ERRATA work-arounds in the kernel

Catalin Marinas catalin.marinas at arm.com
Fri Mar 20 10:20:41 PDT 2015


On Fri, Mar 20, 2015 at 05:30:10PM +0100, Mason wrote:
> I also looked at ARM's "Errata Summary Table" for the Cortex A9. There are
> roughly 90 errata documented there. (This document is 2 years old.)
> 
> I assume that some (most?) of these do not apply to Linux, but it seems
> likely that some do?
> 
> I'm wondering why there are not more work-arounds available in Kconfig?

There are a few reasons:

- erratum cannot be triggered in Linux
- erratum cannot be worked around in Linux (e.g. it requires some
  undocumented control bits to be set by firmware or even hw workaround
  like the system errata)
- cat A erratum with no feasible workaround (and partners usually take
  an ECO fix)
- erratum does not affect any CPU revision in production (not all rxpy
  revisions are in the field; I would include here early CPU revisions
  that were licensed as development chips but not widely used)
- we simply missed them. So if you think there is any that needs to be
  upstreamed, let us know or submit a patch

> I'm wondering if it is possible to trigger some of these with a "normal"
> work-load on a "normal" kernel? Has anyone (perhaps ARM employees) looked
> at that? (I suppose they have.)

Define "normal". It's really hard to quantify as the workloads can vary
widely between different use cases (e.g. mobile vs server).

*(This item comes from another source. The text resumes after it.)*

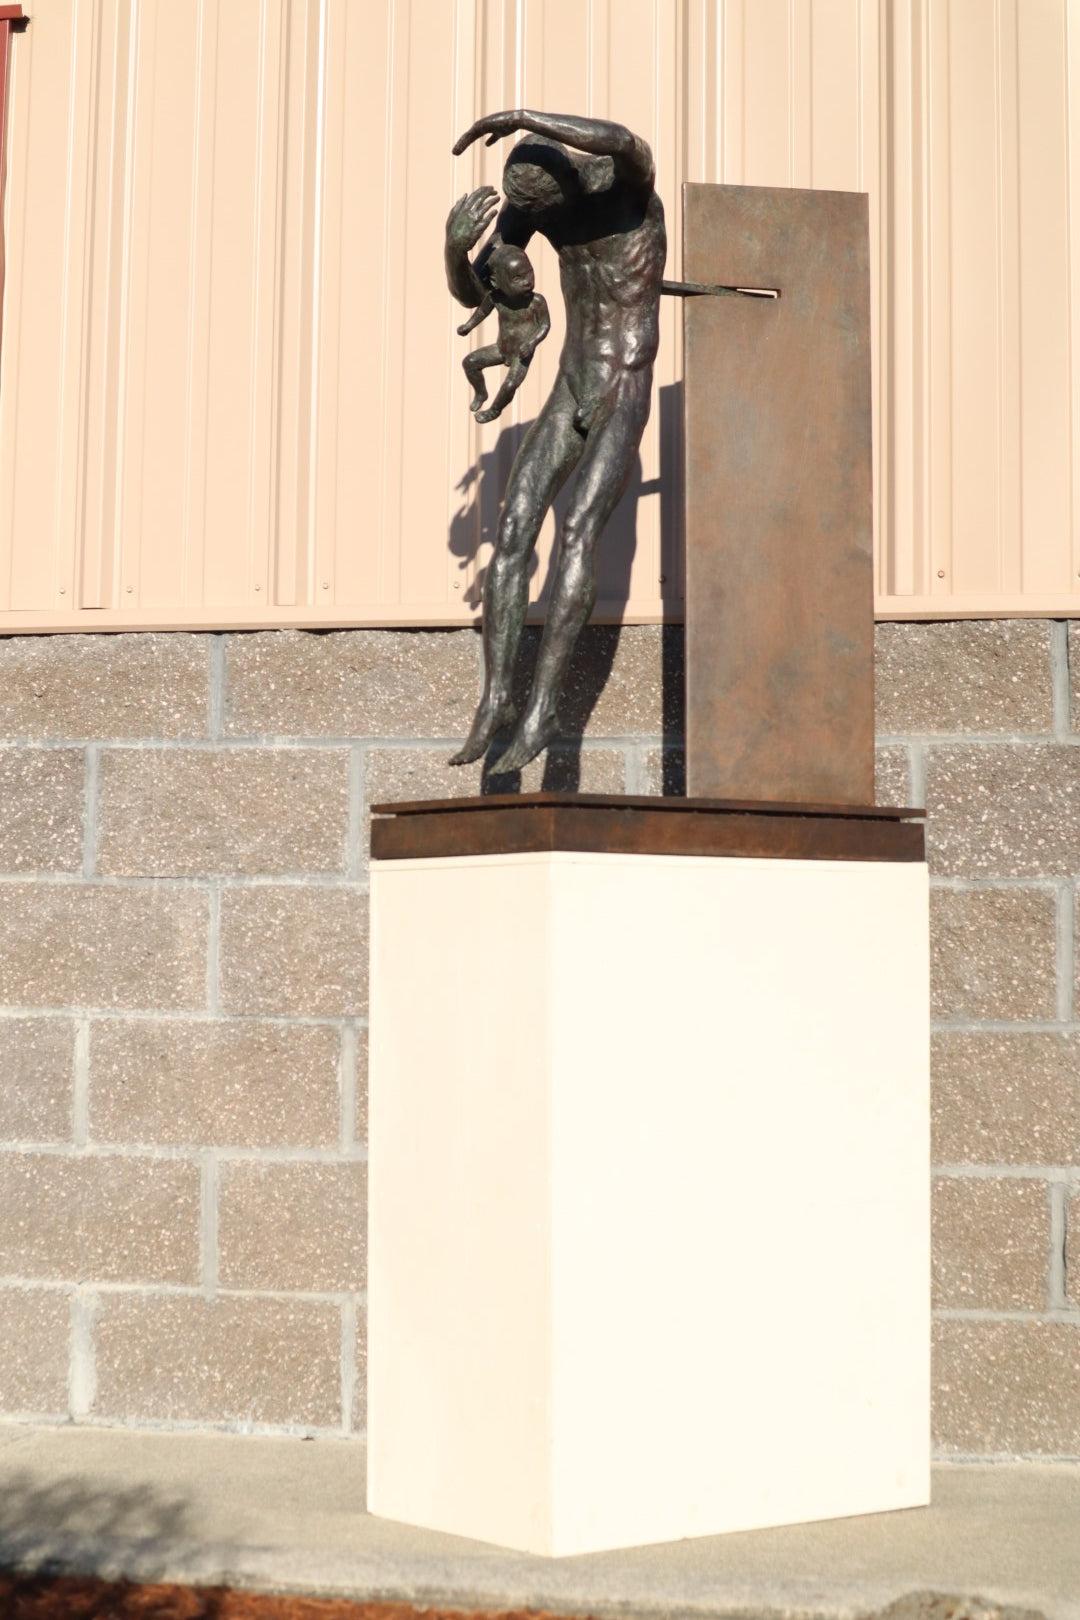 TREVOR SOUTHEY BRONZE SCULPTURE, "FATHERHOOD", DEPICTION OF MAN WITH INFANT, BRONZE AND STEEL, WITH BASE

> For example, errata #782772
> "Speculative execution of a Load-Exclusive or Store-Exclusive instruction
> after a write to Strongly Ordered memory might deadlock the processor."
> (The recommended work-around is a strategically-placed DMB.)
> 
> Since ldrex is used in low-level code, it seems possible to hit that one?
> Or perhaps Linux does not support "Strongly Ordered" memory regions?

It support SO memory and it's used in some cases.